The author goes on to say, “In these matters there is no difference between the scholars.” In another section the author writes, “Poisoning of the enemy water or food is considered ‘haram’ by some… and is reluctantly accepted by some… But if this is the only way to defeat the enemy, it is permitted without qualification.”

In this logic, the essence is victory over enemy and as such, even mass killings that some would consider “haraam” in normal circumstances are “permitted without qualification” if it would be the only way to defeat the enemy. Now, is it that in his hypothetical fatwa, Ali Khamenei is saying that “what matters the most is not victory”? Neither he nor any of his cohorts dare to say so.

But even if Khamenei was serious about issuing a contrary fatwa, it would not matter for two reasons.

First, a fatwa is only binding for the followers of the religious scholar who issues it, and any officer or commander who follows another religious scholar or considers himself to not need the fatwa, is not required to follow it.

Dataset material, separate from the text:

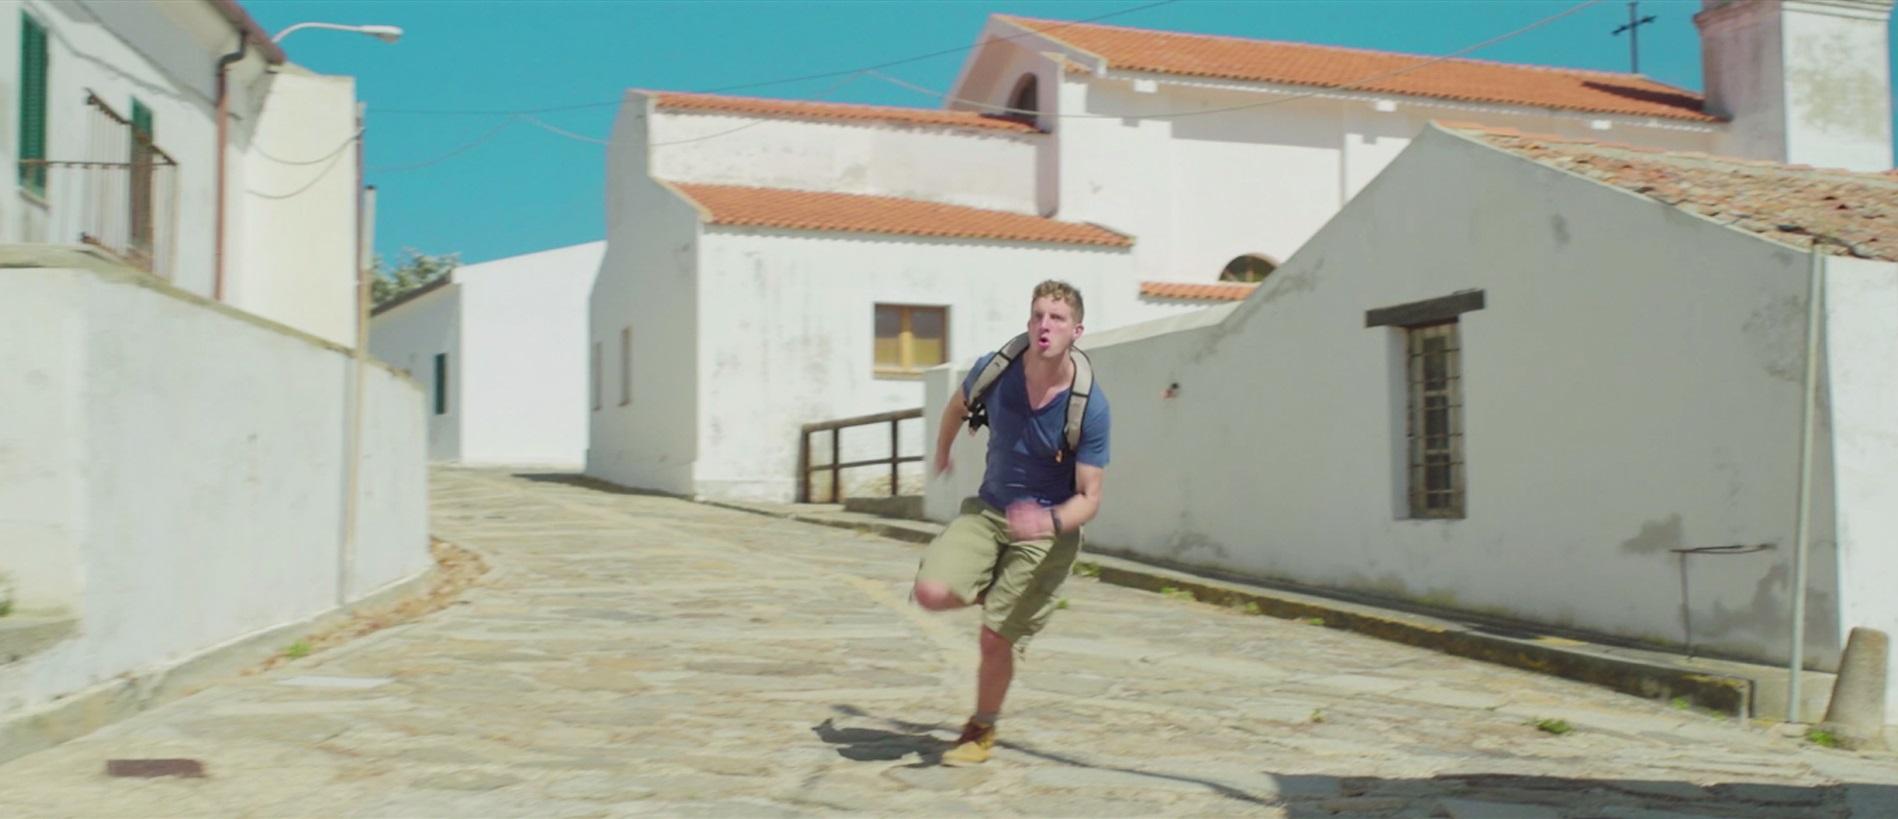 L'Asinara vista con gli occhi di chi la esplora per la prima volta, attraverso spettacolari riprese dal mare, da terra e dall'alto e una narrazione visiva in grado di cogliere scorci dell'isola parco meno conosciuti. Si chiama Last light il nuovo lavoro dei Day Trippers, già autori del video Feel the bay, girato lo scorso anno nella spiaggia di Balai, che ottenne migliaia di visualizzazioni su Youtube e Facebook. Il nuovo lavoro sarà online da sabato 12 agosto 2017 su Youtube, nel canale Day Trippers creato dai videomaker.

In addition, there is no punishment for failing to adhere to a fatwa.

Second, and more importantly, any fatwa issued by anyone may be declared void by “secondary decrees.” The most imperative cases of “secondary decrees” are “emergency circumstances.” Moreover, any decision about the need to use the “poison” namely a nuclear bomb is not up to the scholar who has issued the fatwa.

It is more than evident that there is no fatwa to back up the regime’s senior officials when they claim that Iran has only honorable intentions for its nuclear program. And certainly, there is nothing to back up any decision by the international community to appease the criminals ruling Tehran. The only value that the supposed fatwa has in the Islamic Republic is as grounds for such appeasement. And the mullahs are counting on it.

As such, President Obama and other Western leaders cannot set policy according to non-binding and easily reversible remarks by Khamenei. Doing so would put the world in great peril on the basis of a fantasy.


Ayatollah Ganje'i




Ayatollah Ganje’i

Ayatollah Jalal Ganje’i, a prominent dissident ayatollah based in Paris, is chairman of the Committee on Religious Freedom in the National Council of Resistance of Iran. He is a former student of Ayatollah Ruhollah Khomeini, and left Iran in 1982 after being sentenced to death for his anti-fundamentalist views. Several members of his family, including his son, have been executed by the clerical regime.